My next section to walk was Trefin to Whitesands Beach, this time accompanied by my lurcher Alfi.
We started off walking out of the village on the road past Aberferlin, soon it started to climb and we cut onto the path properly, crossing the fields and going through the standing stones to hug the edge of the coast. The views looking back to Aberferlin were stunning and you could spot Strumble Head in the distance and the flash of the lighthouse.

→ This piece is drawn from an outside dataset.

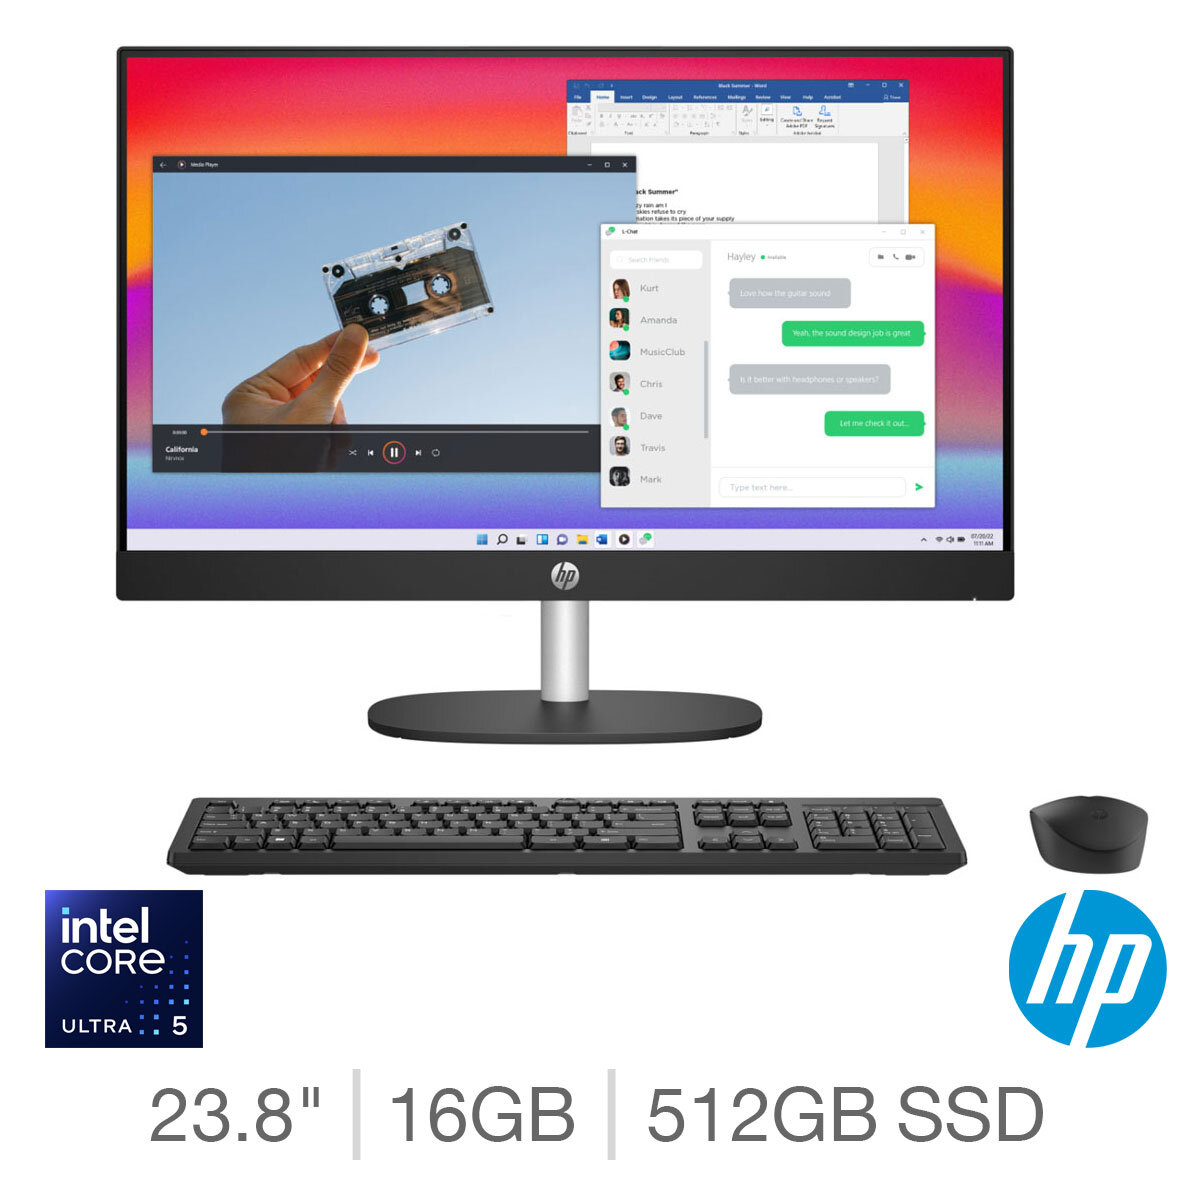 HP Intel Ultra 5-125U, 16GB RAM, 512GB SSD, 23.8 Inch All in One Desktop PC, 24-ca1000na at costco.co.uk

It was a bright if cold, sunny day with a biting wind which was exhilarating. The whole route was accompanied by the sound of the roaring wind and waves crashing on the cliffs below, white waves rolling out to sea with a bright blue sky and skidding clouds. The strength of the wind blowing you inland made it difficult in places to stay upright on the narrow path. There were signs of spring everywhere with primroses, violets, hawthorn and gorse all starting to come out along the way.

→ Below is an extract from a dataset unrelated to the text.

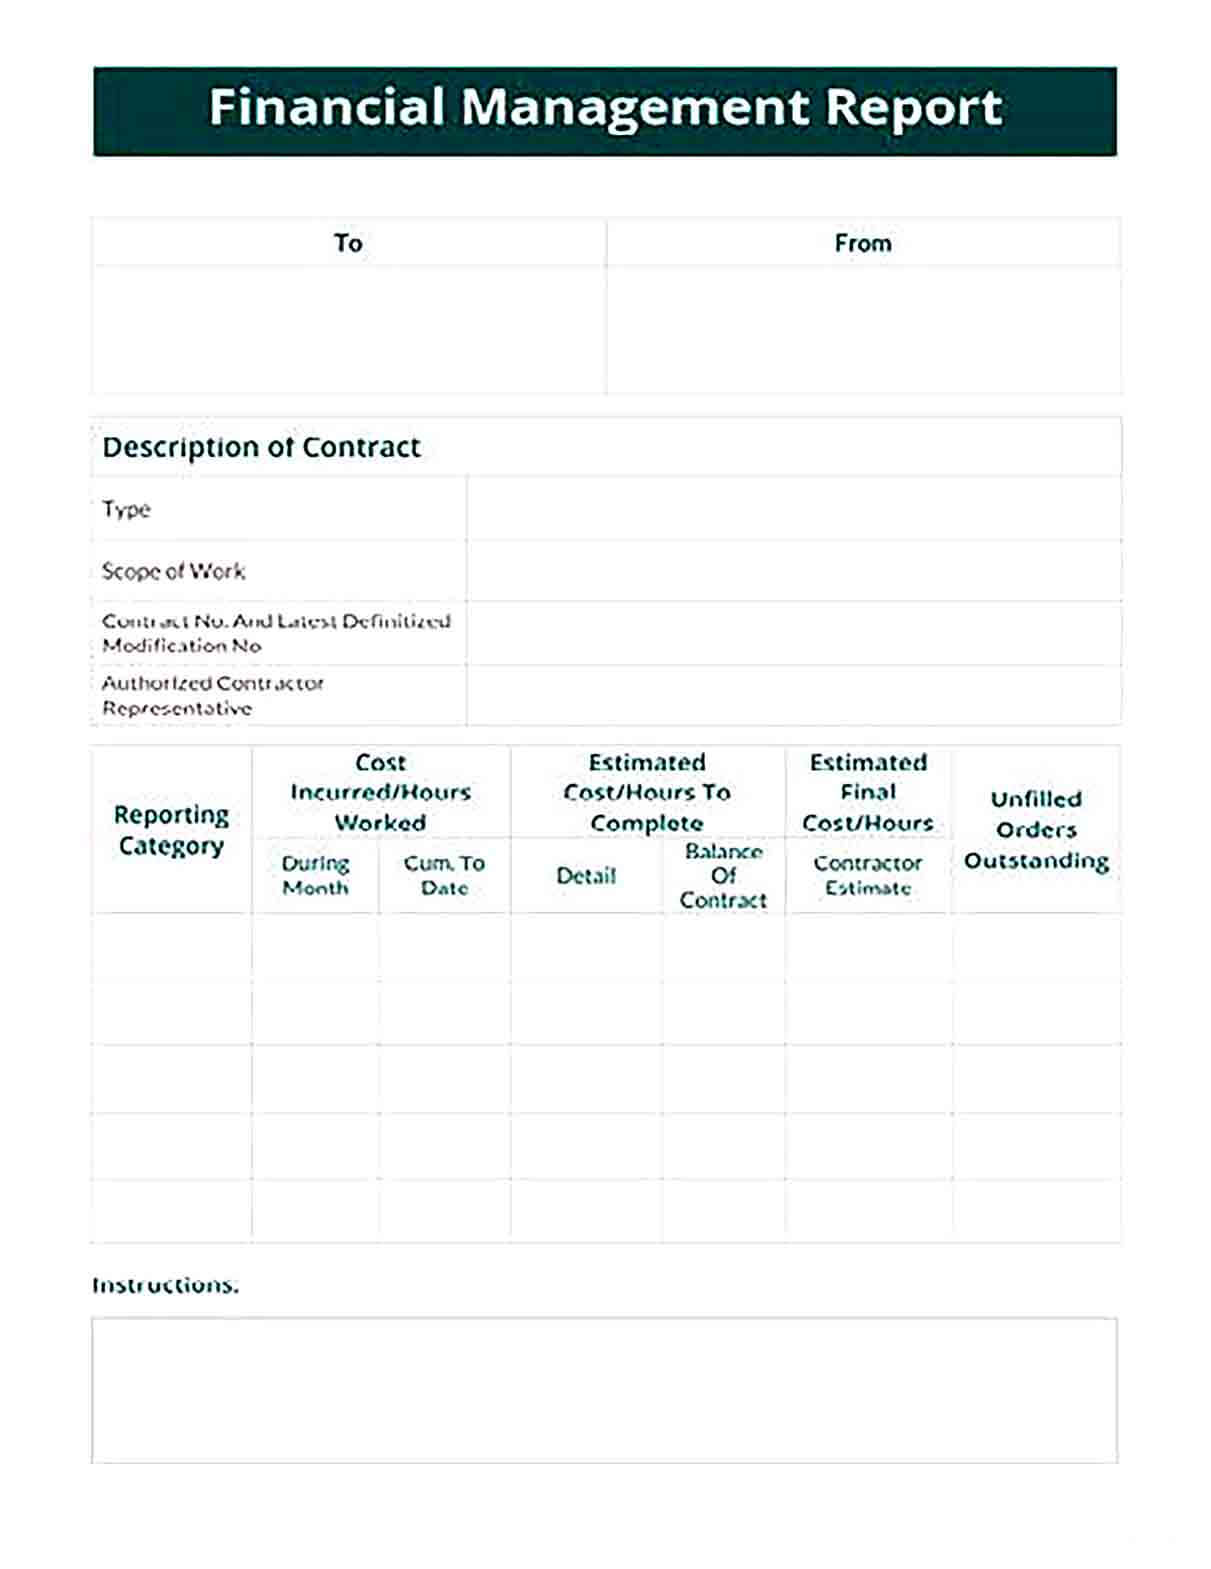 Sample financial management report template 1 440x622 1

We were soon onto Porthgain and could see the white stone turrets marking the headlands to guide sailors into this picturesque harbour and the ruins of the works. We crossed the harbour and climbed up the steps to the other side where there were a few people around, but it was quiet compared to how it is later in the season.
After Porthgain, we spotted a beautiful secluded beach that we just had to investigate. Down a series of metal steps, Traeth LLyfn is a stunning sandy cove seldom visited. Further on, we came across the remains of a quarry and derelict buildings on the cliff edge, bright red against the stunning blue sea seeming out of place. Then it was on down and round to the Blue Lagoon with its turquoise still waters and steep sides popular in the summer with cliff jumpers, but there was no one brave enough to take to the water today. Then we followed the course down and across the black sand beach of Abereiddy; in summer, there is a beachside van where you can buy coffee and snacks but being out of season, we had to rely on our supplies today.
The Pembrokeshire Coast Path continues up the road away from the beach past Melin Aberiddy to join the clifftop once more and start the long 6-mile trek to Whitesands. The wind was wild along this section, sending sea foam floating past us, but we sighted our first swallow this year - another sure sign that spring is on its way. The path undulated up and down, hugging the coastline around rugged inlets, diving up and down to be closer to the water, perilously close to the edge. The path here is stony and uneven with some steep sections that are more of a scramble, but the views are panoramic with the sea on one side and the rugged rocks rising inland.
We hiked past Carn Penberi and Carn Perfedd and Lleithyr, with Carn Llidi tantalisingly close. As you reach the St Davids headland, it becomes a unique and almost lunar landscape; barren and rocky with paths meandering through the close-cropped heather. It can obviously be boggy in places at times but it was fine for us after our recent spell of dry weather.
Finally, we spotted a dazzling sight of water glistening in the sunshine with Skomer Island and Whitesands Beach in view - stunning. We followed the path down and round and finally onto the beach, the tide was out so the sand was vast and glistening in the sunlight. After 12 miles, it was a relief to reach the beach but the views had been breathtaking the whole way and well worth it.